5. Cancer is linked to the bacteria and fungi of our microbiomes

The New York Times

In 2020, several research groups independently noted that tumours, long thought to be sterile, are actually rife with microbes. At first, much of the work involved looking at the bacterial component of this tumour microbiome—but this year, scientists turned their attention to the fungal fraction as well, identifying fungi in tumours from 35 different cancers and identifying tumour-associated fungi in seven different parts of the body, results that surprised some working in the field. Researchers have since noted that the total assemblage found in a tumour—which includes  viruses, bacteriophages, and protozoans as well as bacteria and fungi—is often unique to the type of cancer. So scientists may now be able to use the microbiome to detect and monitor cancer earlier, to diagnose tricky cases, and to develop therapies that manipulate the microbiome to kill the cancer outright, or at least make it more susceptible to existing treatments.

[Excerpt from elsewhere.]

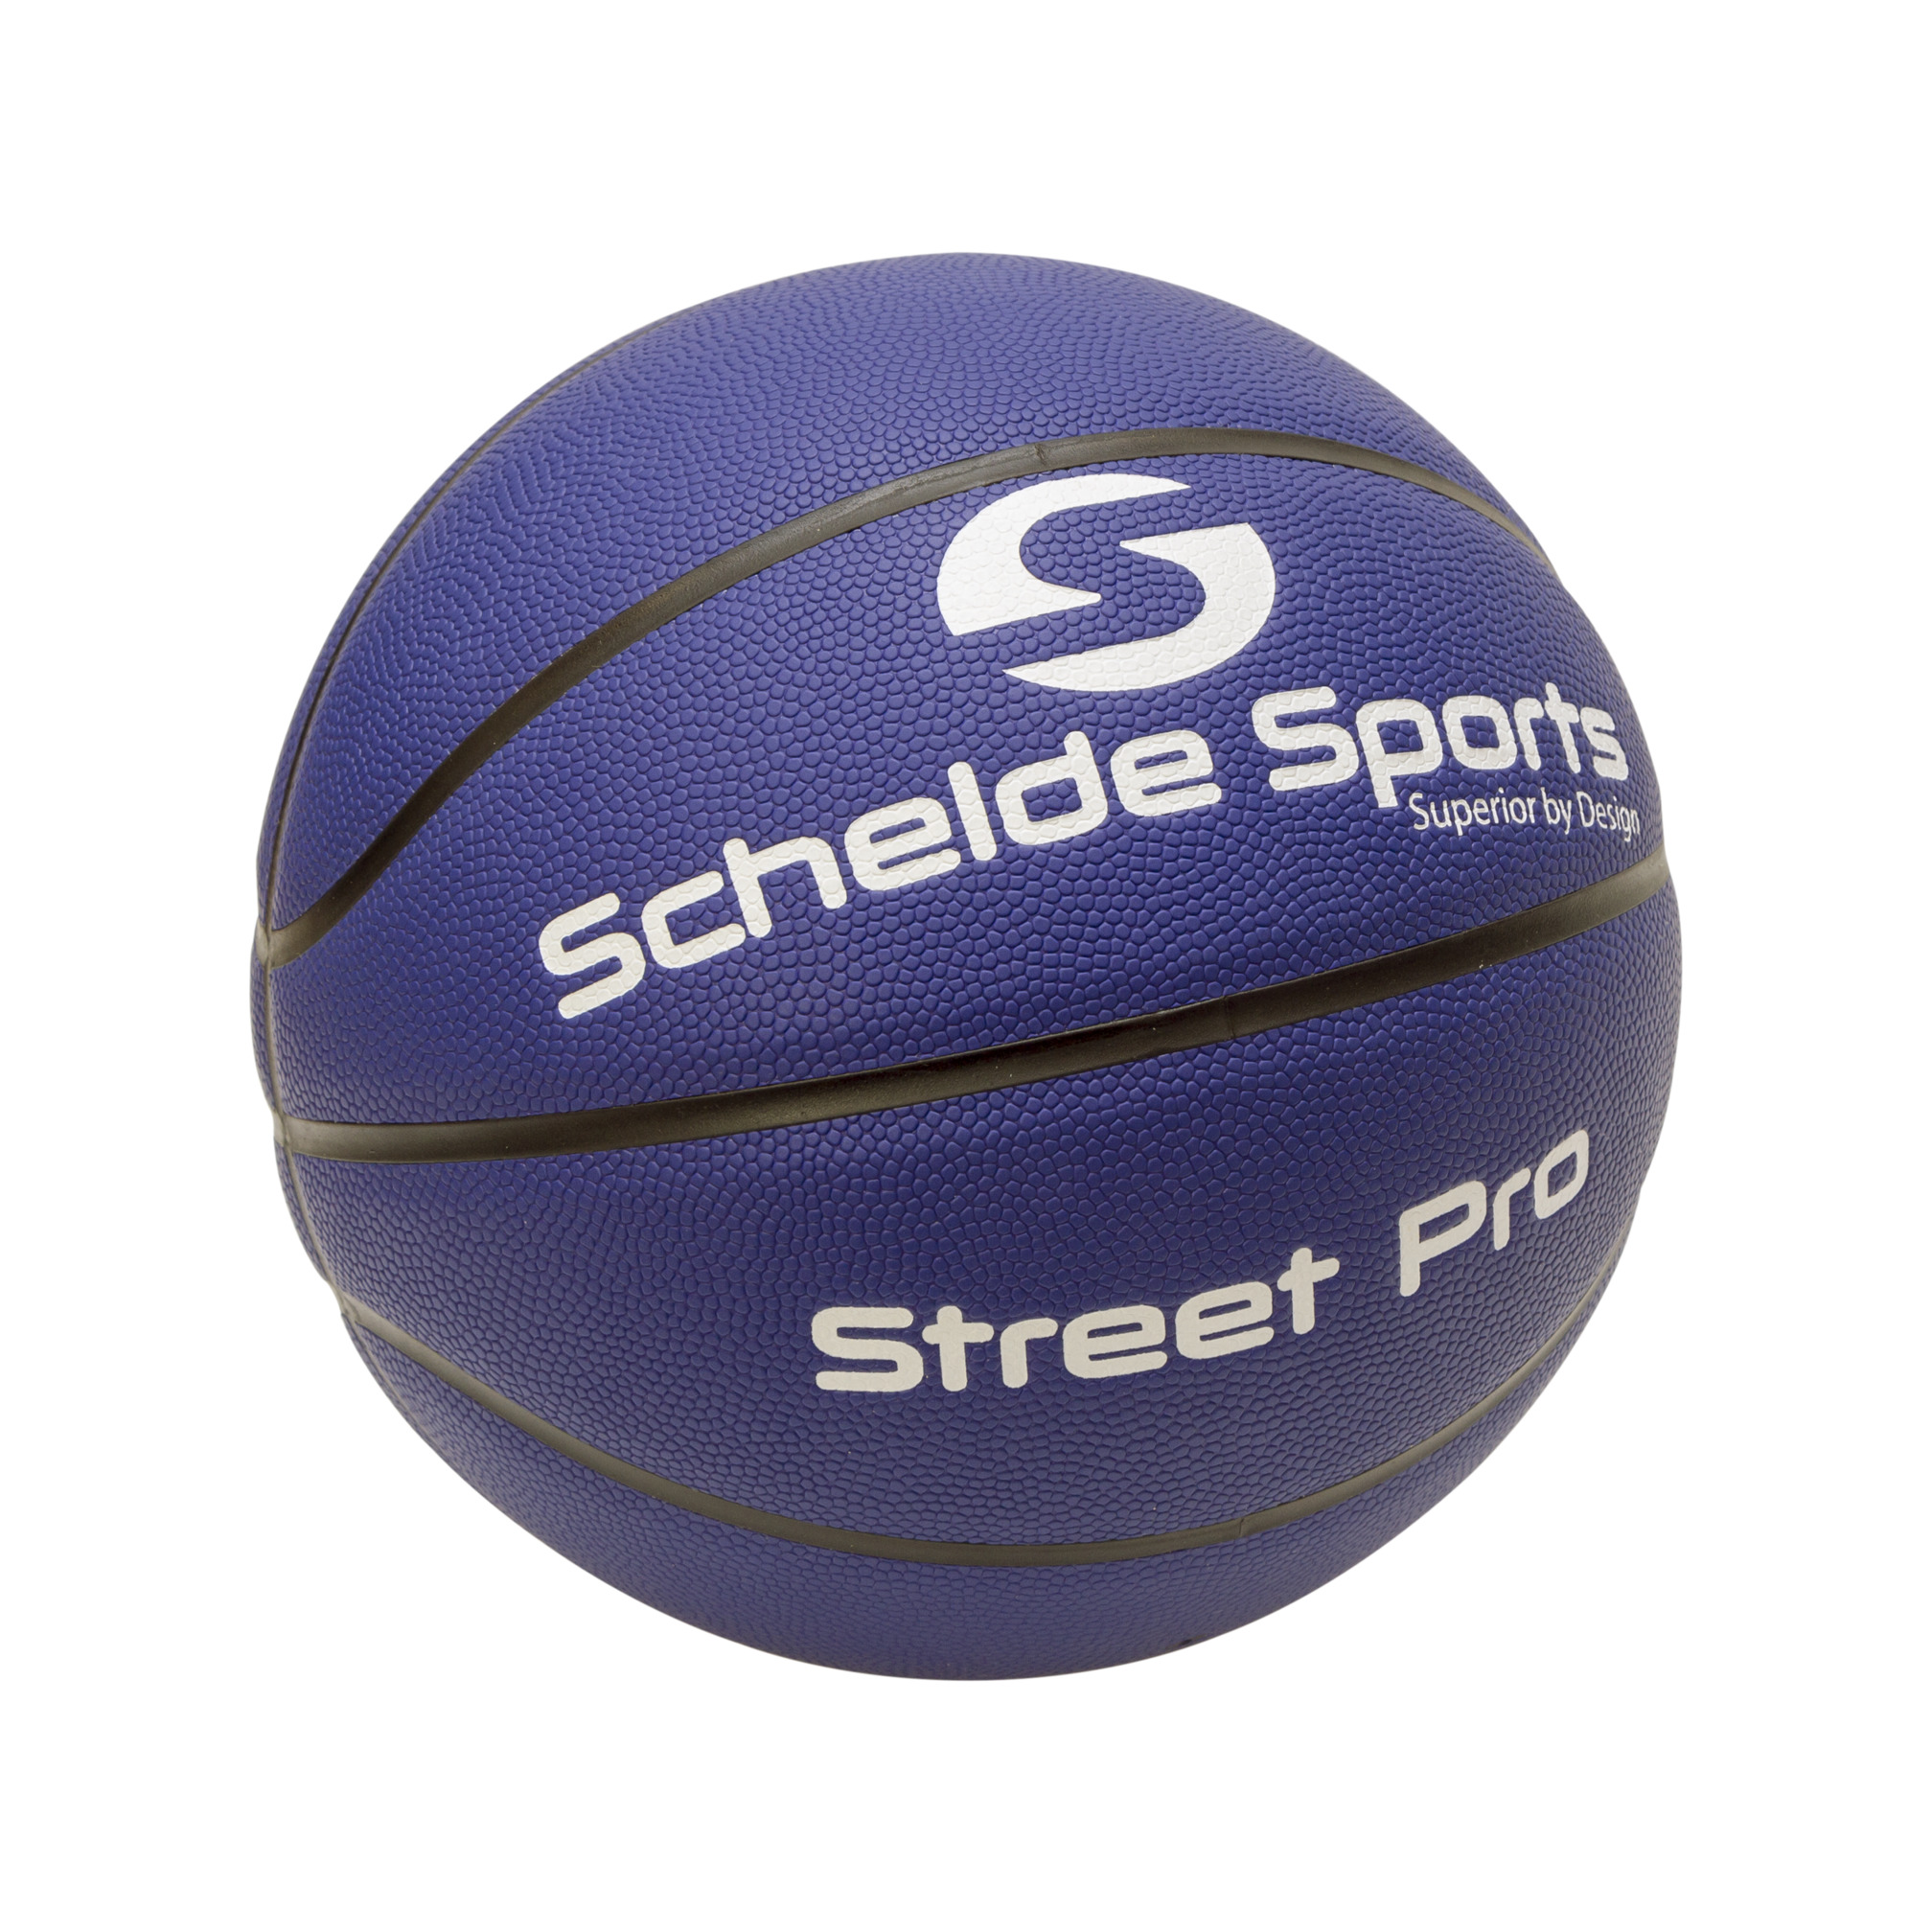 Schelde Sports Basketball 3x3 Street Pro, Größe 6

6. Genomics tools applied to dog cancers

The Scientist

One in five U.S. households adopted a new pet during the COVID-19 pandemic, and research has shown that people are increasingly willing to shell out more money for their pets’ medical needs. “Pet owners are just much more open to specialty care and to advanced diagnostics,” veterinary oncologist Andi Flory tells The Scientist. “And they’re treating their pets very much like family and have come to expect the same level of healthcare for their pets [that] they do for themselves.” Several companies have released diagnostic tools that use genomic data to flag more than 40 types of canine cancer and to develop personalised treatments. But unlike tests developed for human use, tests for animals don’t require regulatory approval. One in four dogs will be diagnosed with cancer in their lifetime; not all are ultimately fatal, but the diagnosis can prompt owners to pay large sums, often out of pocket, only to find that there are few treatments available. To develop better tools and therapies, companies are building out databases to better characterise the genetic variation in dog populations.

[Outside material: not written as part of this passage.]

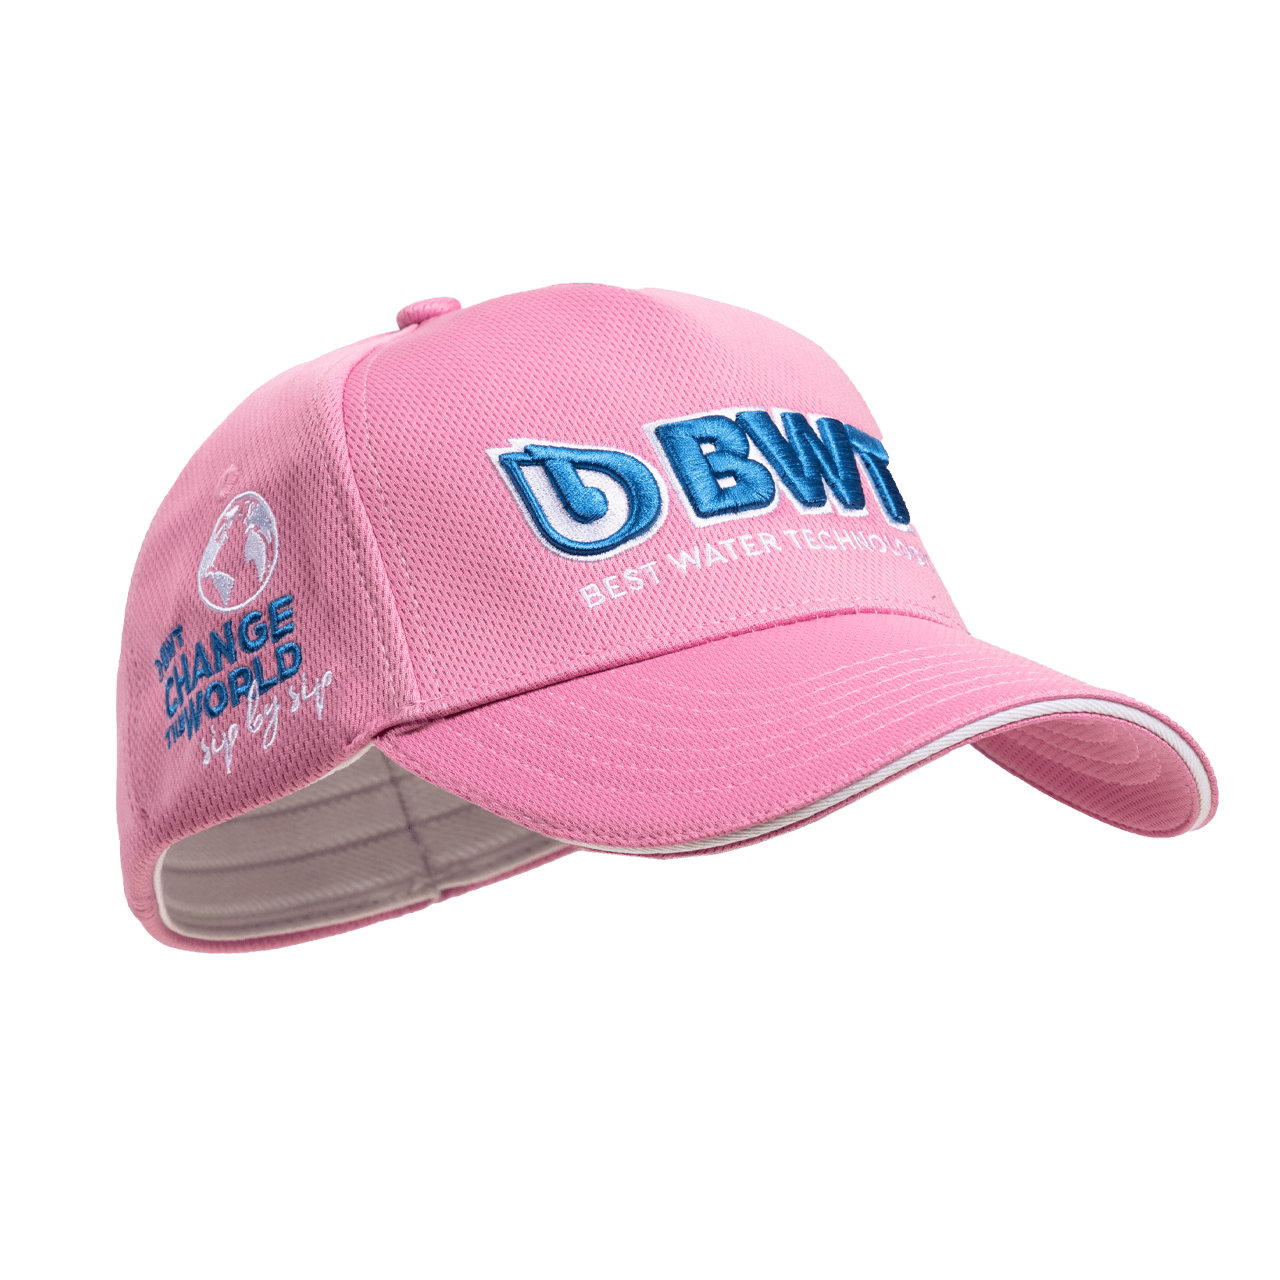 BWT Change the World Kappe in pink mit blauem BWT Logo

7. An immunologist championed COVID-19 vaccines even after they exacerbated his cancer

The Atlantic

Michael Goldman rolled up his sleeve for his COVID-19 booster in September 2021, shortly after receiving a diagnosis of lymphoma. An immunologist himself, Goldman knew that chemotherapy would soon leave him immunocompromised, and he wanted to do everything he could to protect himself. Three weeks later, however, his cancer had spread dramatically and both Goldman and his brother, a nuclear medicine specialist, suspected that the booster had exacerbated the disease. As he convalesced at home, Goldman pored over the scientific literature and ultimately teased apart what he suspected had happened to him, findings he published in a paper in late 2021. The booster appeared to have done what it was meant to—supercharging his helper T-cells cells to confront the virus—but in his case, these cells had gone overboard, causing his cancer to spread out of control. Goldman told The Atlantic that he “remains adamant that COVID-19 vaccines are necessary and useful for the vast majority of people.” But he now advocates for scientists to collect more rigorous data on side effects—even those, as in his case, that are extremely rare.